A Creators of Peace project has been successfully experimented with in Bogota, Colombia.
by Jean Brown
08 May 2007

In 2005 a catholic school invited Creators of Peace activist Helena Salazar, to introduce the Peace Circle material into a class of 35 grade 10 school boys.

A couple of years ago a catholic school invited Creators of Peace activist Helena Salazar, to introduce the Peace Circle material into a class of 35 grade 10 school boys. Helena reports:

The headmaster decided we would do an experiment with a group of 35 boys in the 10th grade. It was a very tough group with lots of problems and very difficult to deal with.

We started with only 45 minutes to do some work and the 35 boys were stretched out on their benches looking bored and disinterested. Father Francisco had to walk along the aisles touching each one so they sat up straight with their legs under their desks. After telling them I was there because I was sure things could change if people changed, sharing with them some of my own examples, we started the workshop with the word “Peace”.

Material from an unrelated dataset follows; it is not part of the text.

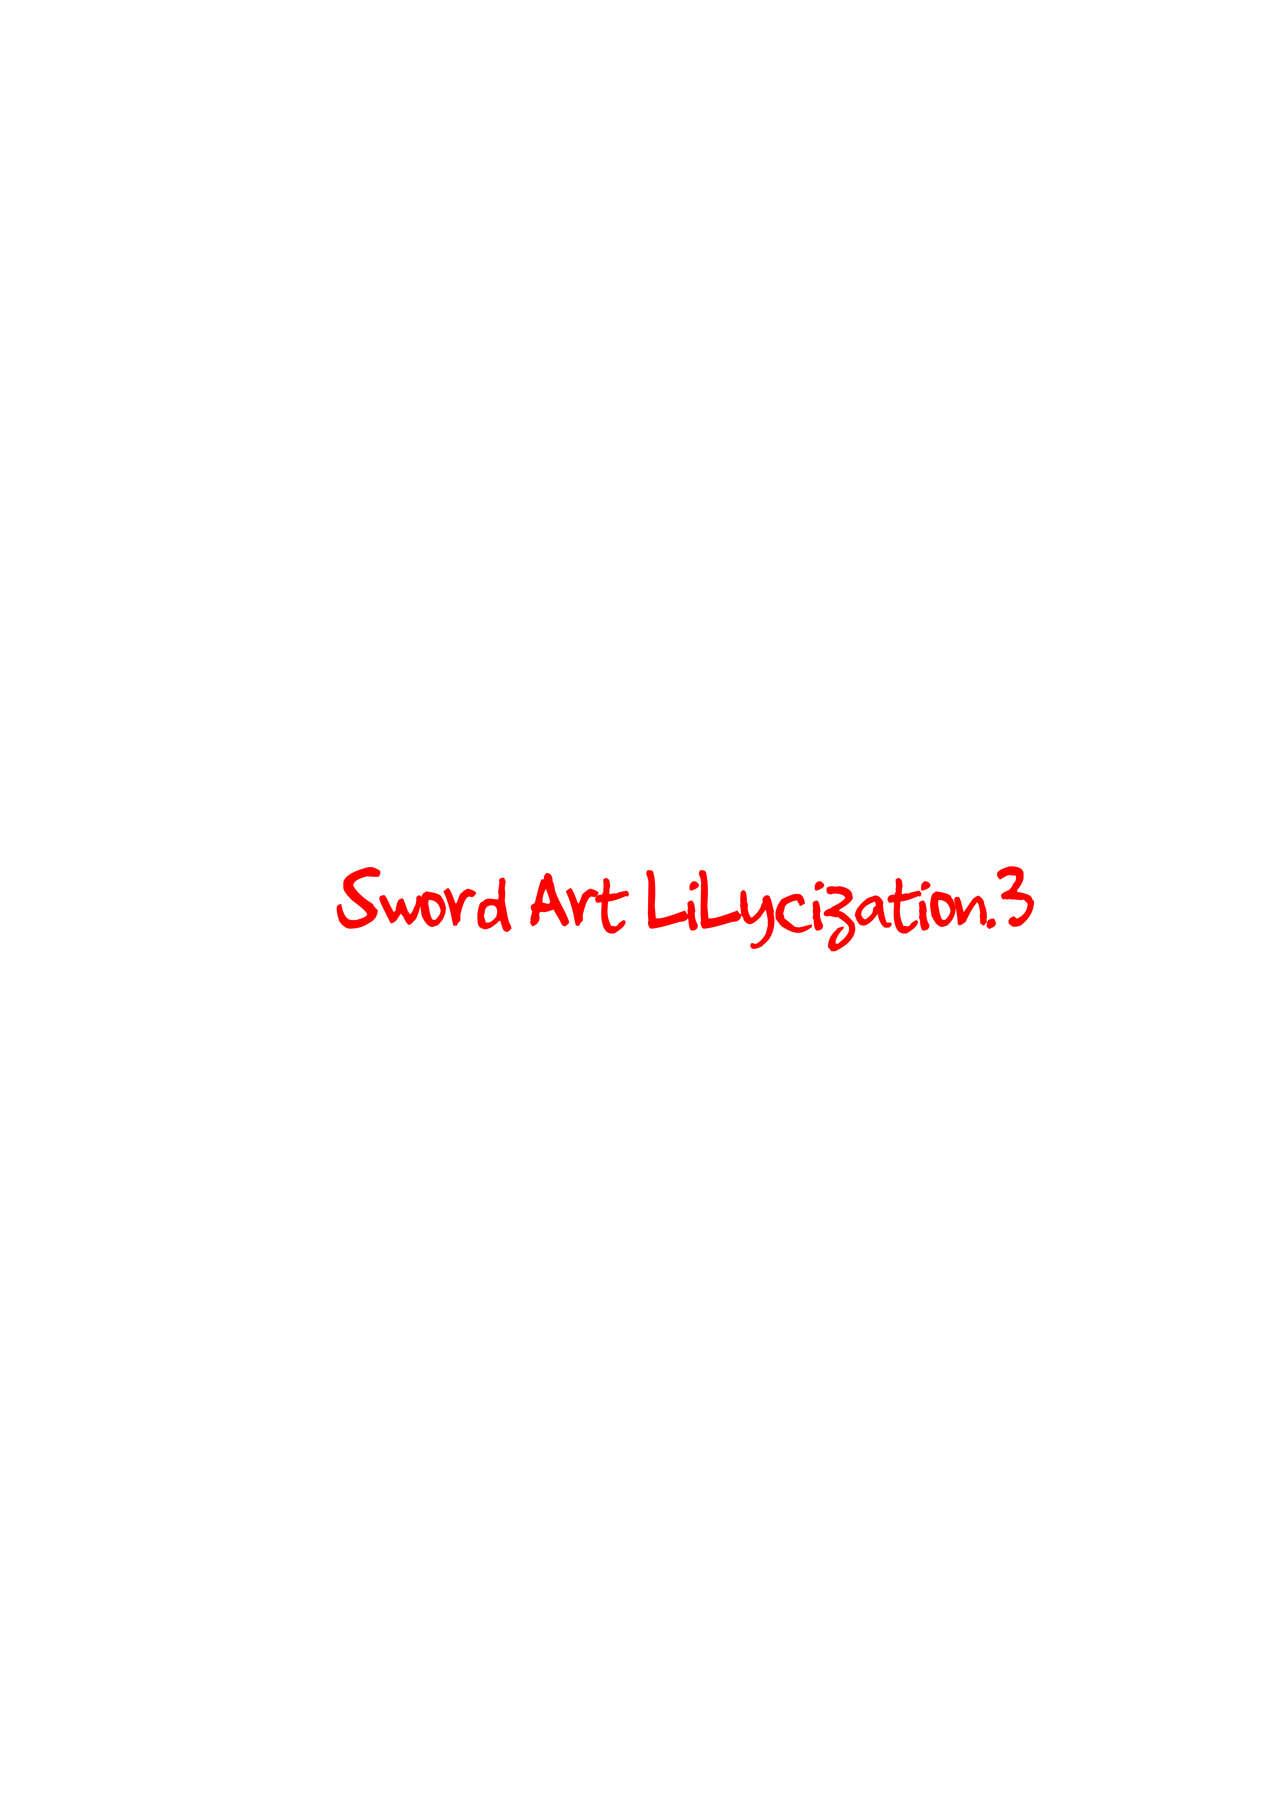 Hetero Sword Art Lilycization.3 - Sword art online Red Head - Page 2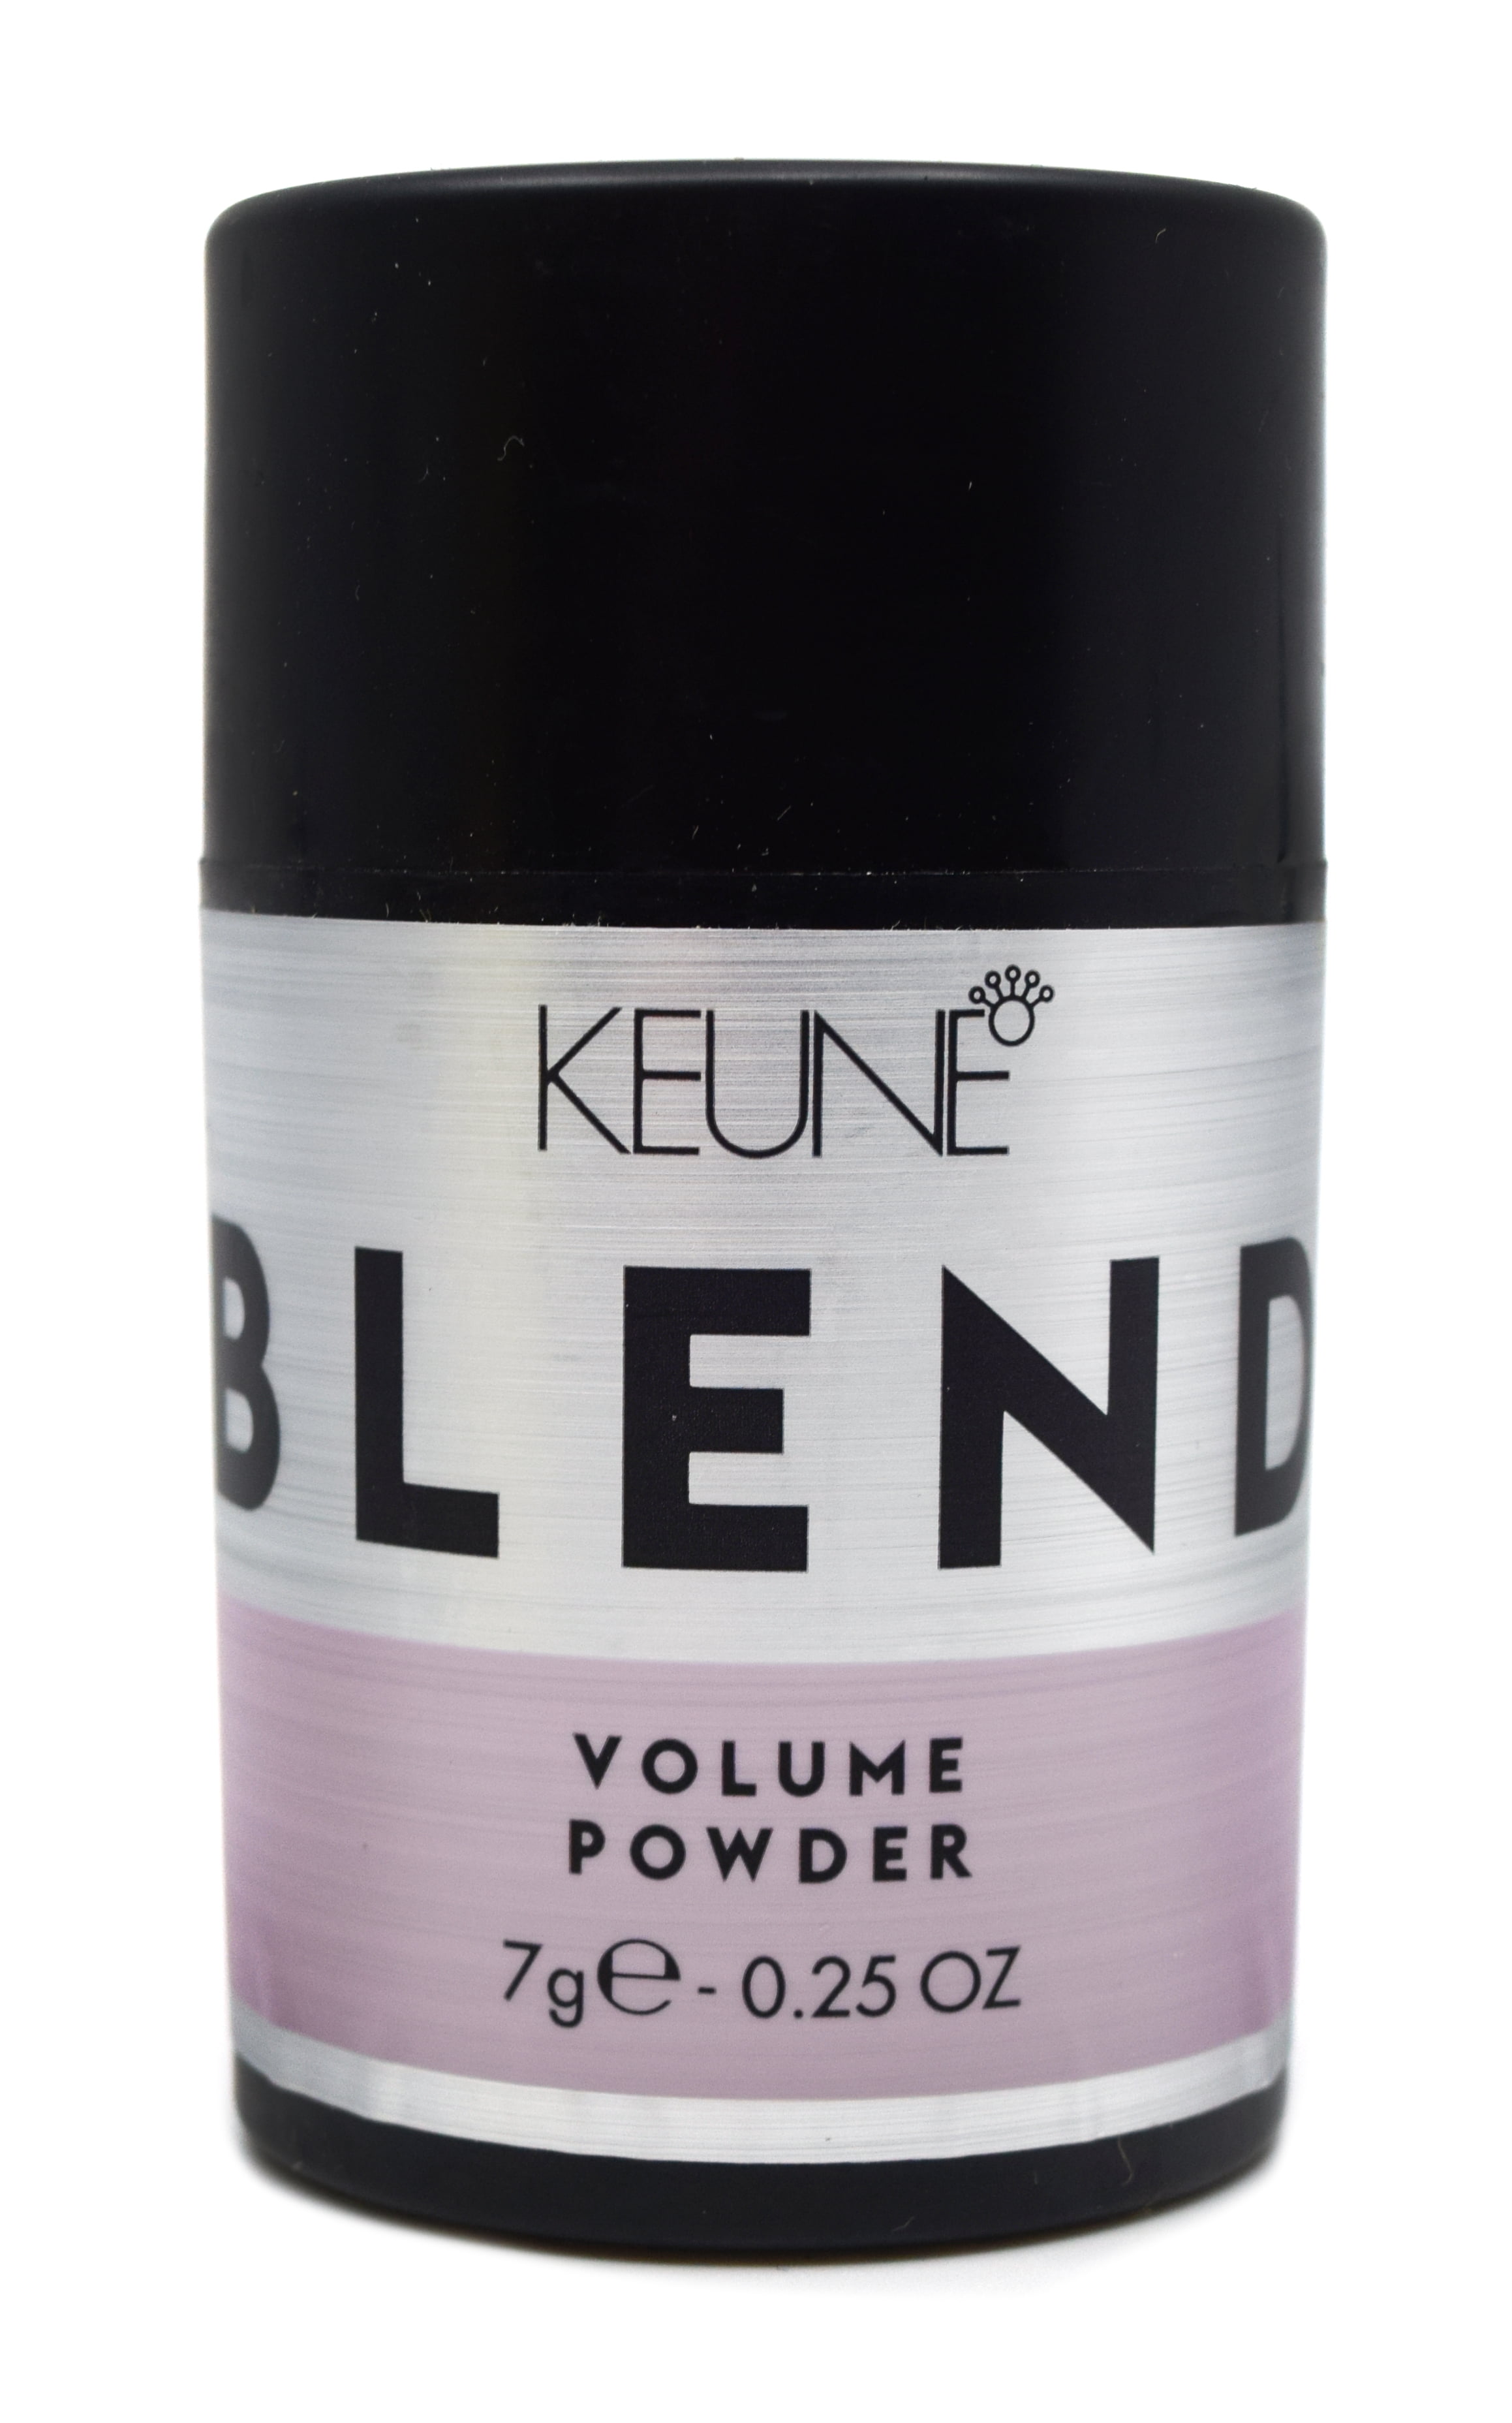 Keune - Keune Blend - Volume Powder, 0.25oz (7g) - Walmart.com ...

The first astonishing thing was to listen to these boys speak about war and peace as if they where living on another planet. Not even one of them was aware that we Colombian people have had this huge war going on for 50 years, with no signal of an end soon. It was like listening to some cinema critics analyzing the Star War Series, so out of our own reality. Their lives have not been touched at all by the war, since it rarely touches the big cities.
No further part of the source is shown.